(Exercise goal): Retype, word for word, the line holding "best selling central" and every line below it to the end of the listing. Leave out the pictures.

(Given material):
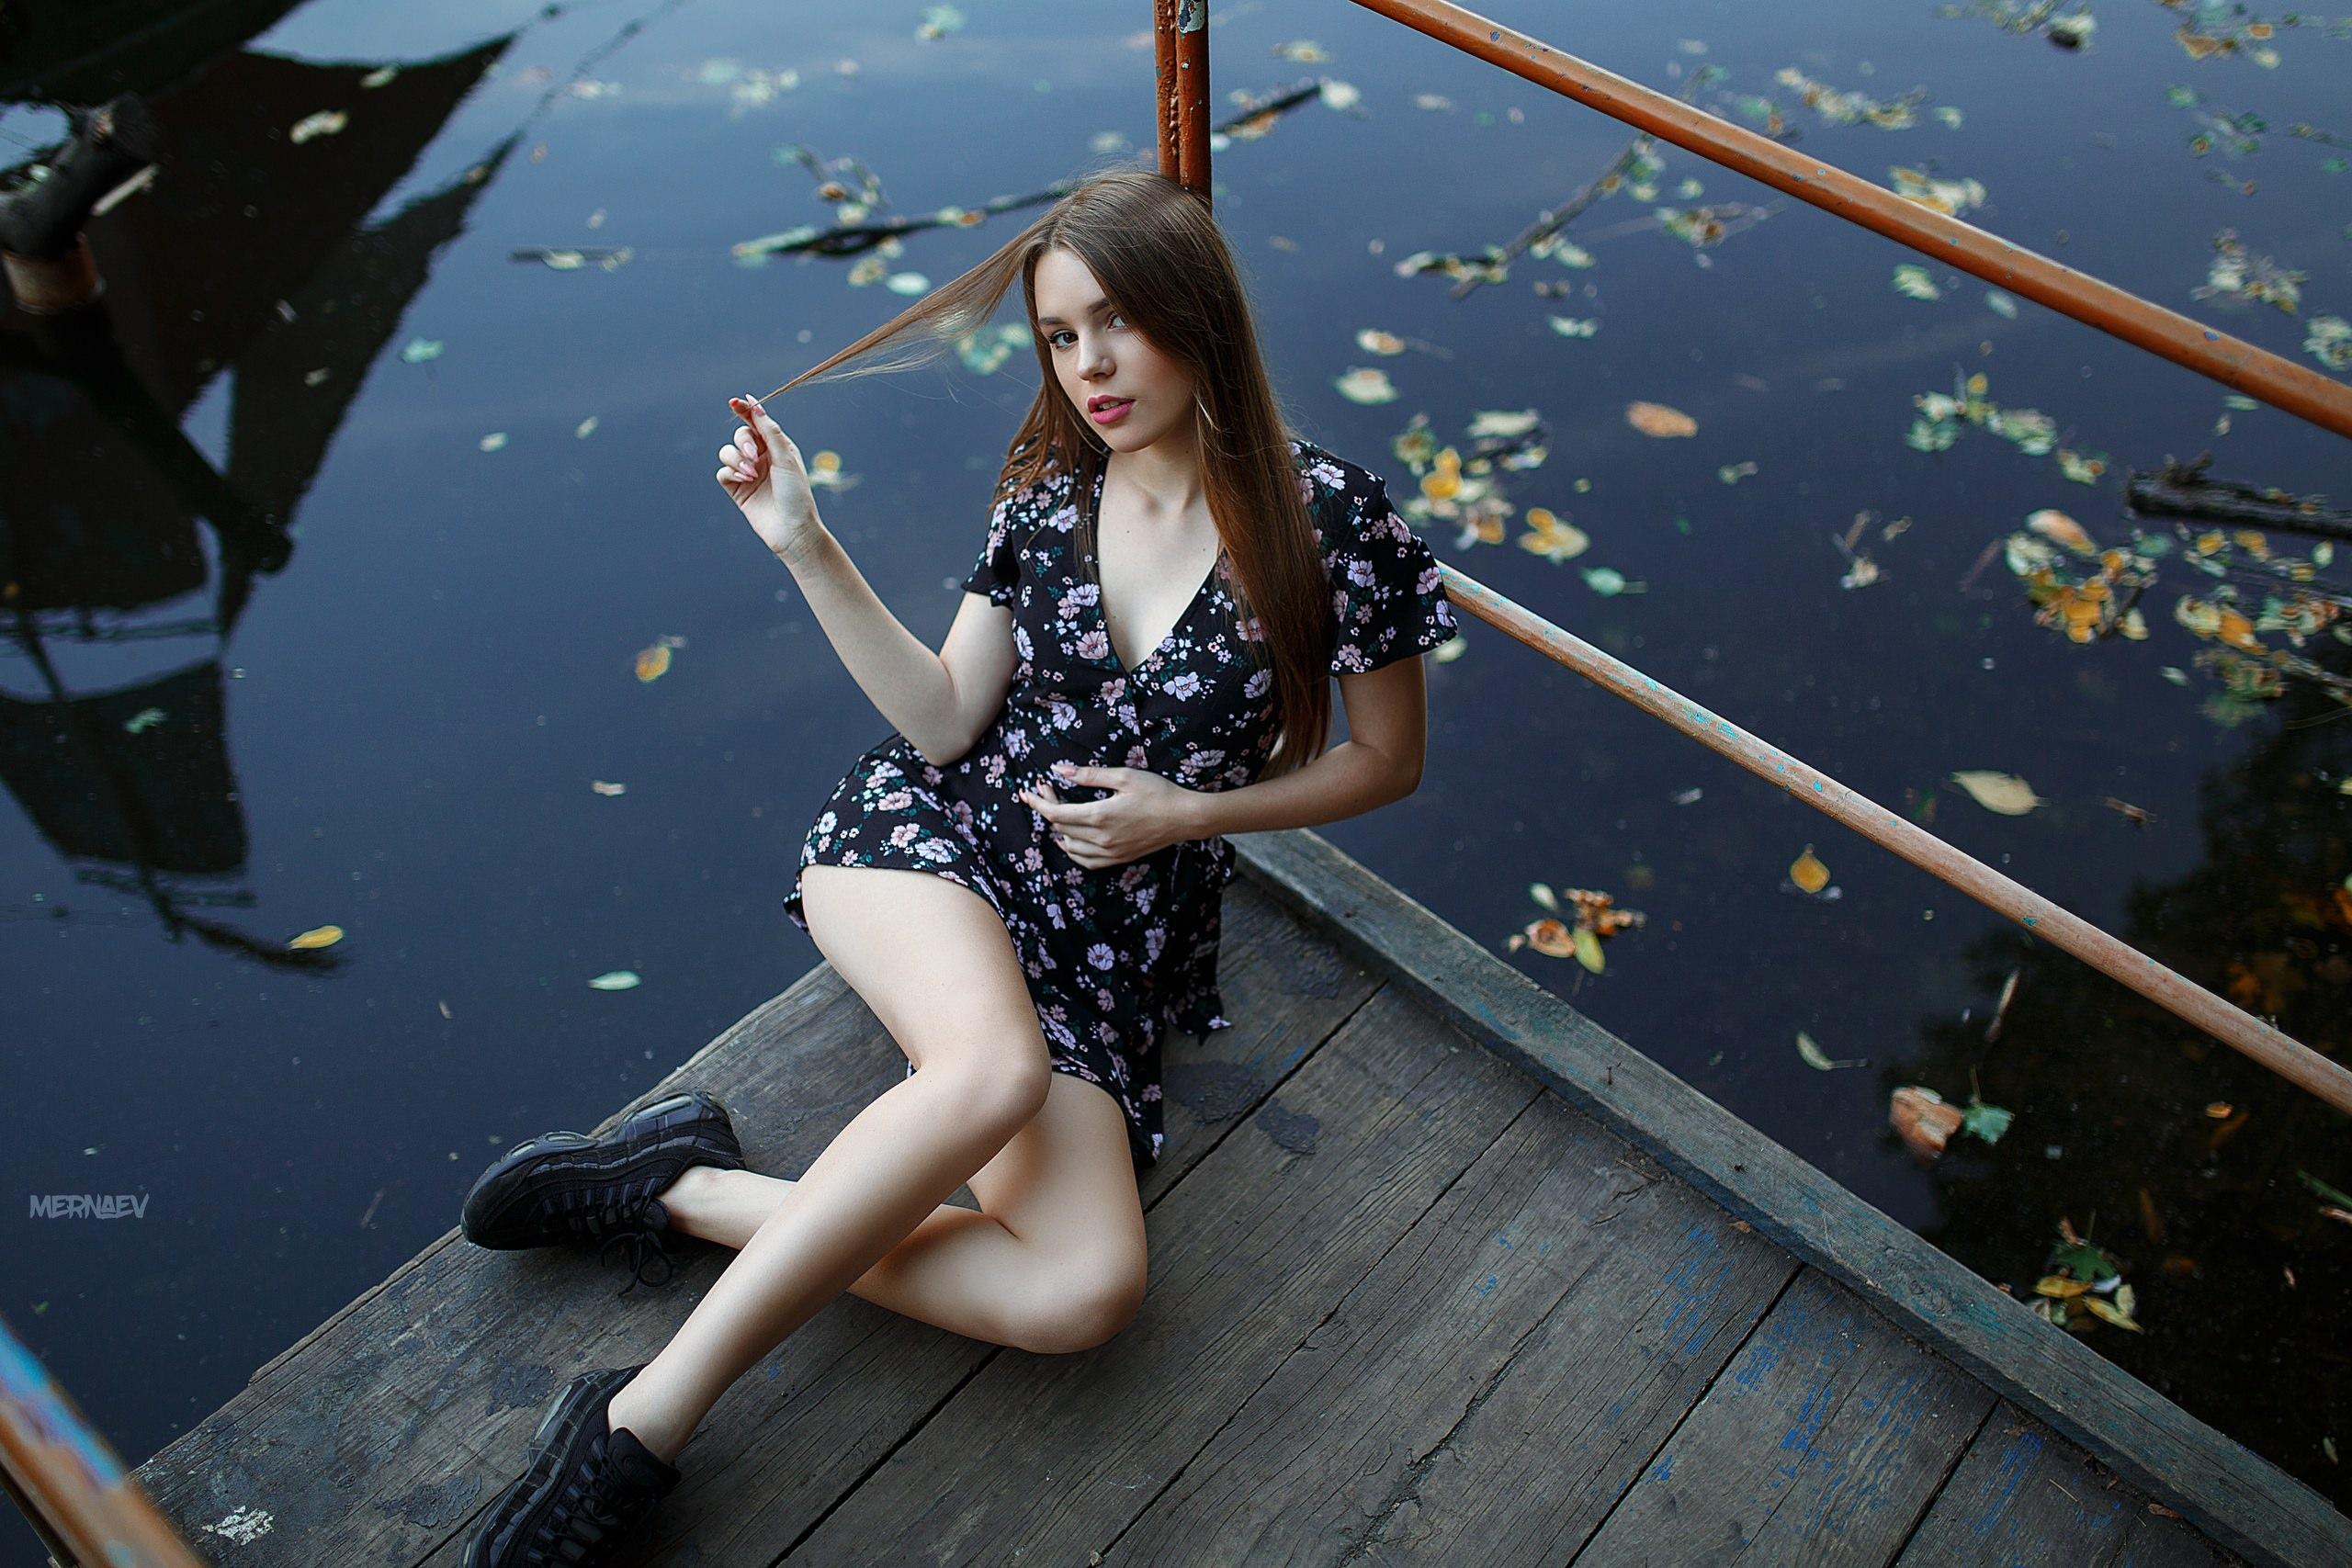 People 2560x1707 women sitting dress sneakers pier Artyom Mernaev water leaves women outdoors looking up summer  dress black boots red lipstick high angle brunette
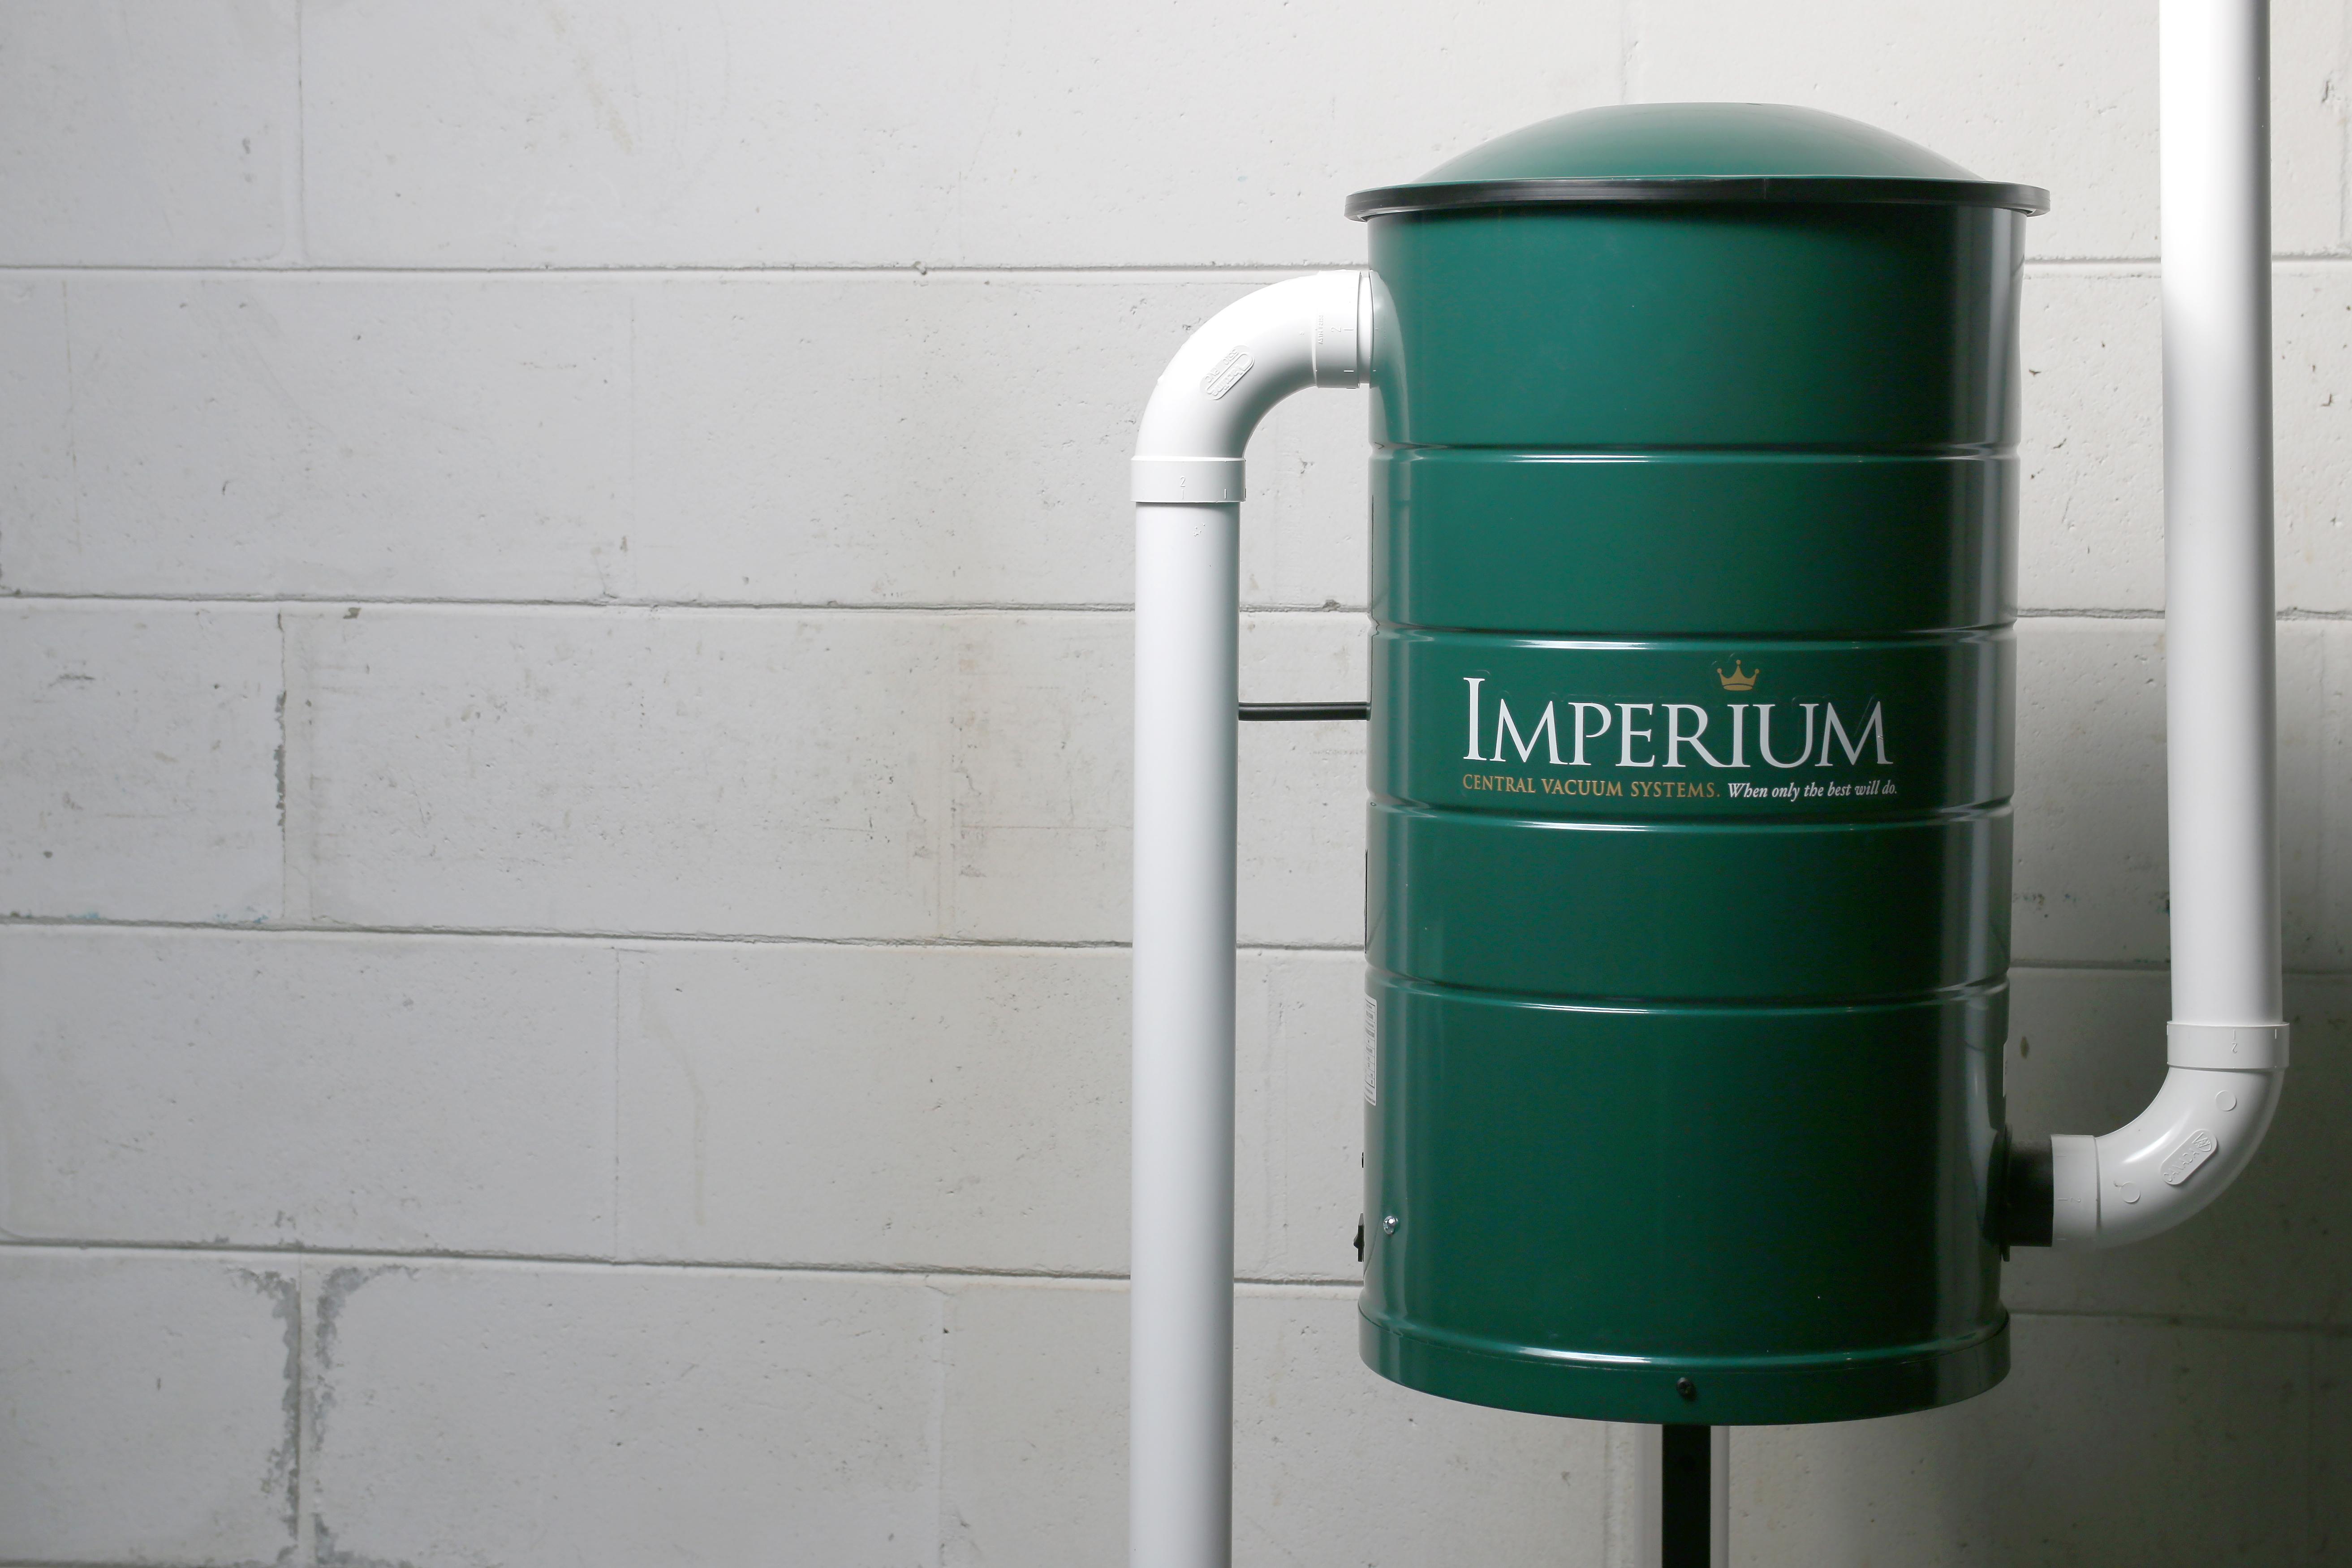 best selling central vacuum system imperium cv300 central vacuum stores. Black Bedroom Furniture Sets. Home Design Ideas
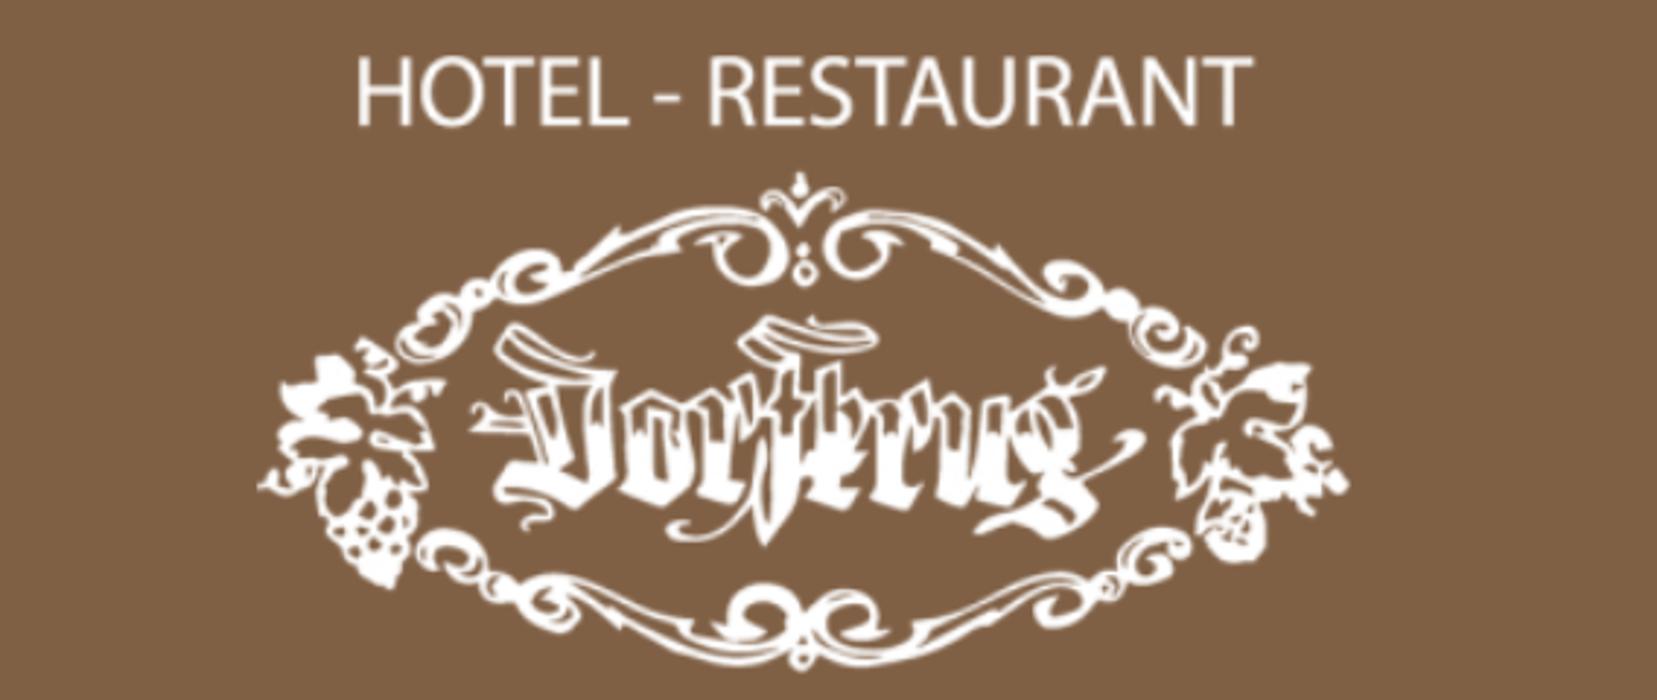 Bild zu Hotel Restaurant Dorfkrug in Mandelbachtal

(Reply):
 best selling central vacuum system imperium cv300 central vacuum stores. Black Bedroom Furniture Sets. Home Design Ideas
 Bild zu Hotel Restaurant Dorfkrug in Mandelbachtal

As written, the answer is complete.